Читать книгу Доктор Шиллинг. История одной пандемии - Алексей Алексеевич Денисенко - Страница 5

Часть первая
4

Оглавление

Разговор начался совсем не так, как мыслилось Моисею Архиповичу. Главный врач нисколько не удивился, а, прочитав заявление, спросил:

– Вы давно это решили?

– А это имеет значение?

– Согласен. Не имеет.

«Что же делать? Как же узнать?» – размышлял главврач во время интеллигентской изменницы-улыбки, показавшей гнилые и через один, но крупные зубы жёлтого цвета.

– Значит, хотите поработать самостоятельно?

Моисей Архипович кивнул на заявление:

– Там все написано.

– Похвально… Я занят! – крикнул главный на открывшуюся дверь, и та послушно защёлкнула замок. – Но ведь не справитесь в одиночку, кто-то же должен помогать, – главврач, будто вспомнив, спохватился: – А в кабинете у вас кто остался? Нина?

«Что это он крутит? Неужели пронюхал?» – заподозрил неладное Моисей Архипович, и недаром! Пронюхать Адольфу Митрофановичу Баранову было чем. Инструмент для этой работы занимал у него на лице добрых пятьдесят процентов и, чего скрывать, не относился к предметам гордости хозяина, однако исправно служил мощной консолью для очков с соразмерными габаритами. А переносным «пронюхать» занимался почти весь коллектив первой государственной поликлиники района. Поликлиника была не только первой в районе, но и единственным и, пожалуй, самым любимым местом лечения жителей.

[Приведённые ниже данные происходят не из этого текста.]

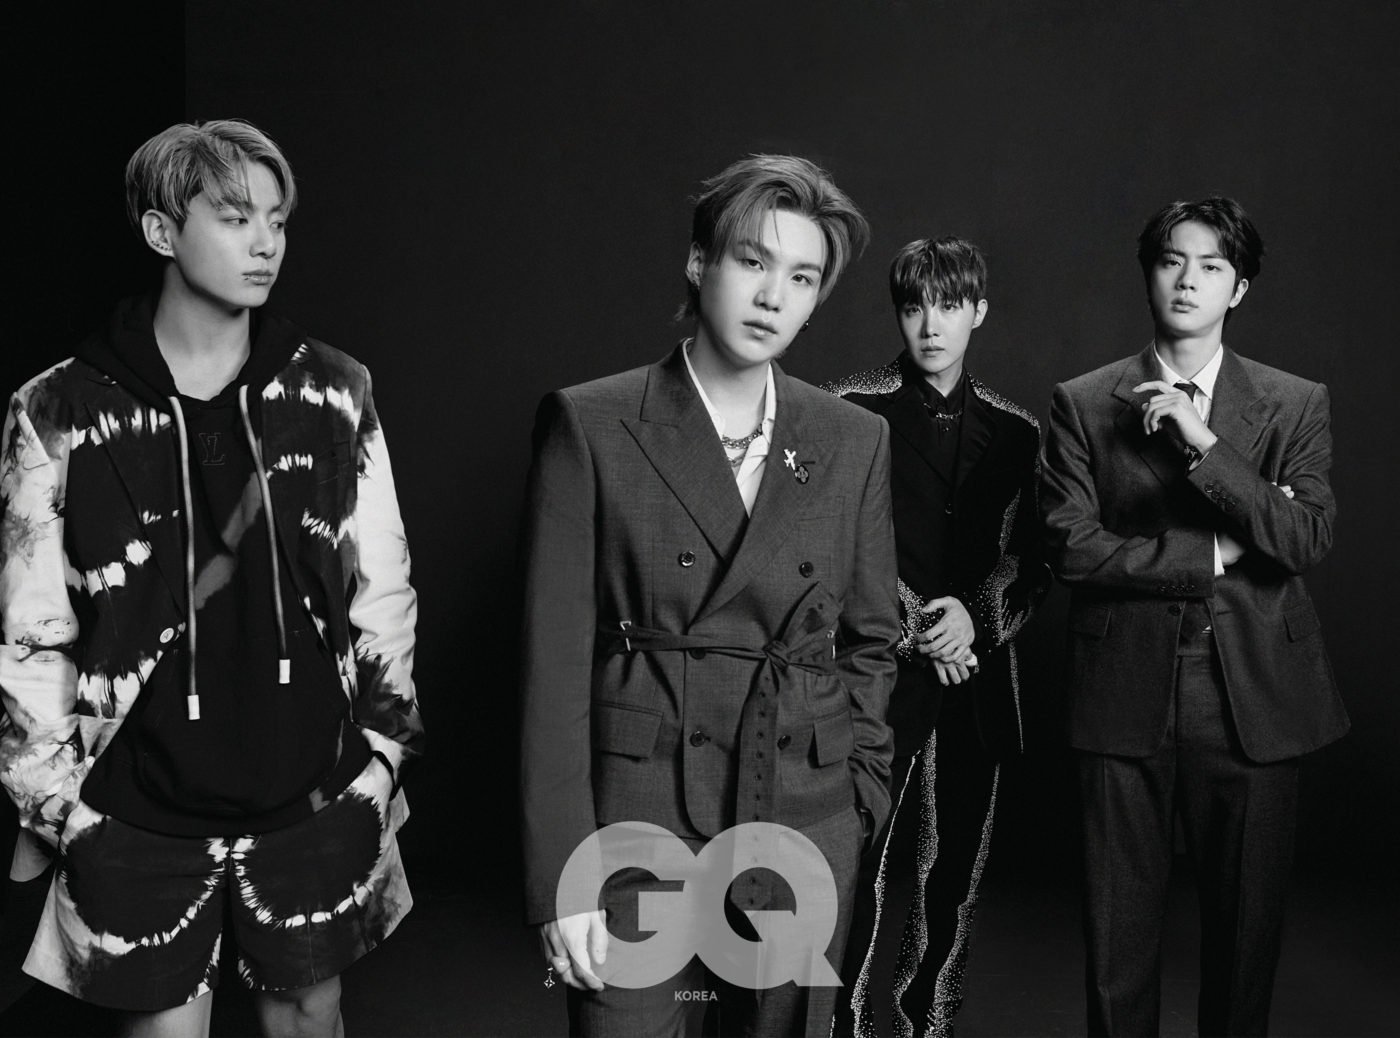 VOGUE KOREA & GQ KOREA - JHOPE [ Louis Vuitton ] #JHOPE #BTS
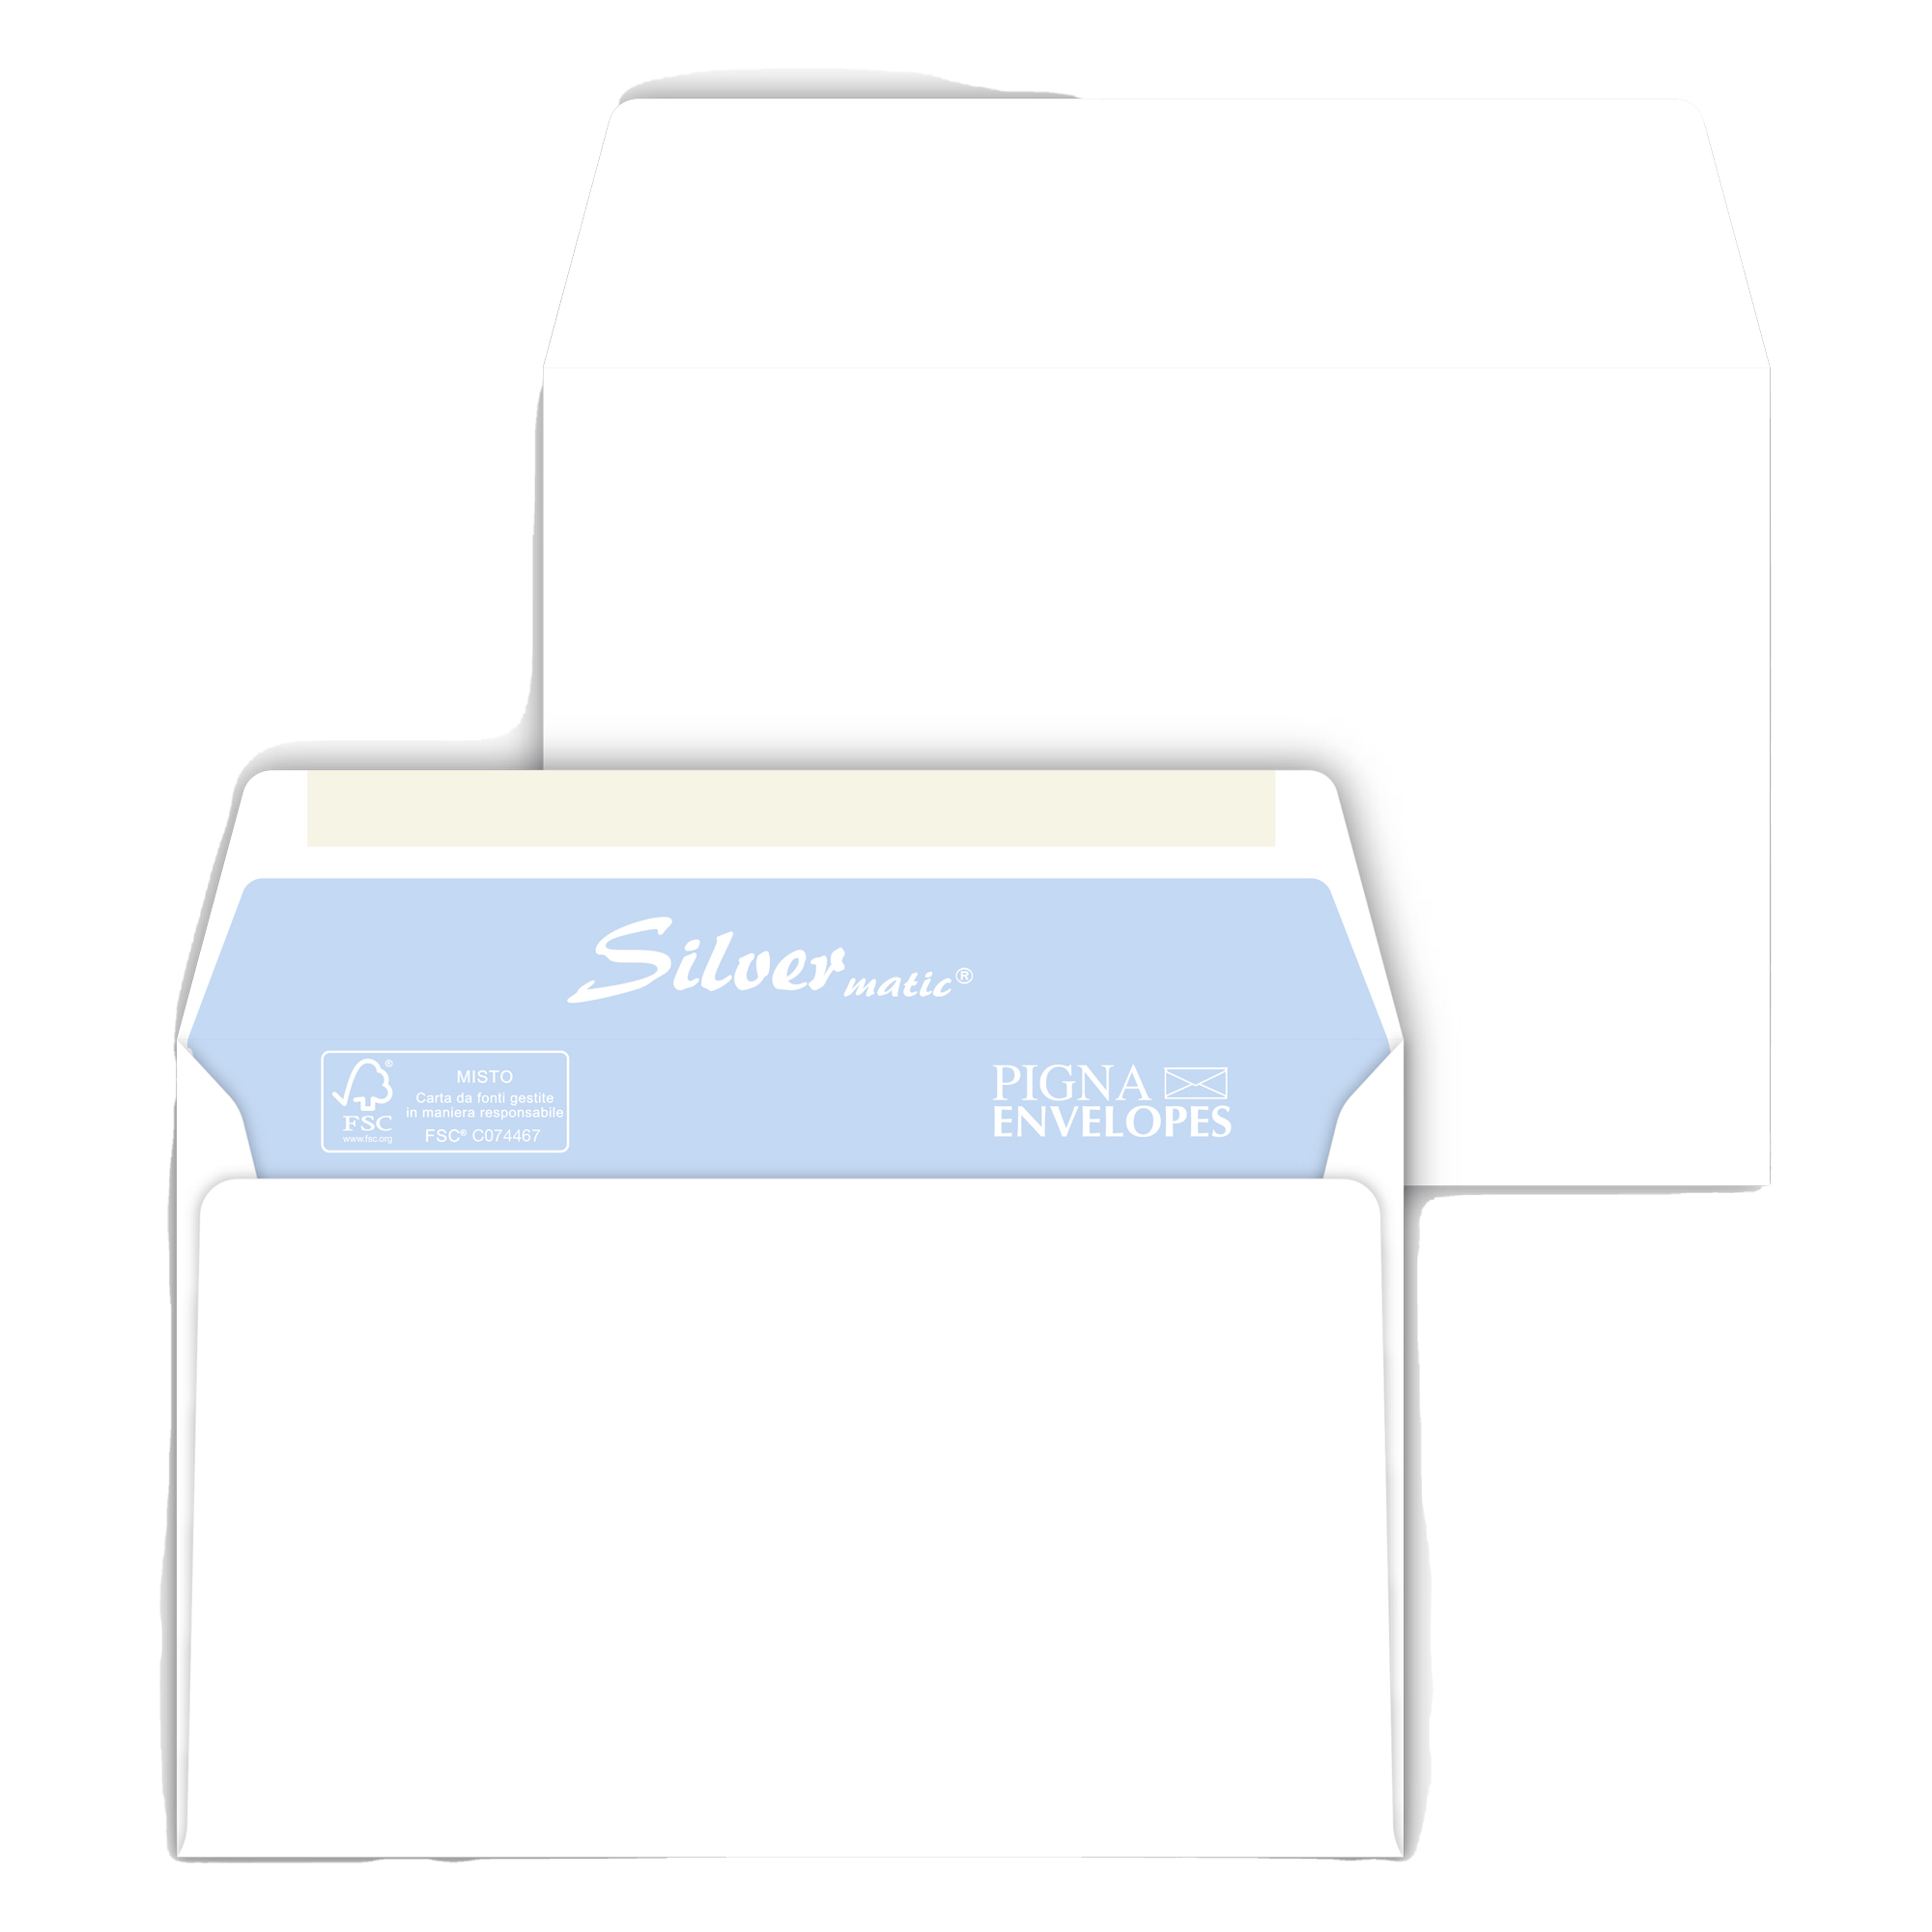 Busta SILVER MATIC FSC  - gommata - bianca - senza finestra - 120 x 180 mm - 70 gr - Pigna - conf. 500 pezzi

О неизбежном конце этой монополии возглашали со стены районного торгового центра торжественные обещания: «Социальная программа…» Такие же обещания были провозглашены и на половине афиши у кинотеатра. В конце текста программы стоял восклицательный знак, только он был на магазине смыт дождём, а на афише – выцвел от времени.

– Нет, Нины сегодня не будет… приболела, знаете.

– Да-а?! Сапожник без сапог… без сапожек, говорю, сапожник-то, – покачал головой Адольф Митрофанович, аж зайчики света метнулись от темных линз, наперегонки врезались в элегантную преграду на глазах у Моисея Архиповича и там рассеянно и тихонько пропали.

– Ну что ж, говорите, что знаете.

– Я знаю всё. Но, честно говоря, не очень верю… Мы ж в двадцатом веке.

– Именно, в двадцатом! – Моисей Архипович оглянулся на дверь, перешёл на шёпот: – Вы правы, мне нужен грамотный помощник, вот только вы – неуч и плут!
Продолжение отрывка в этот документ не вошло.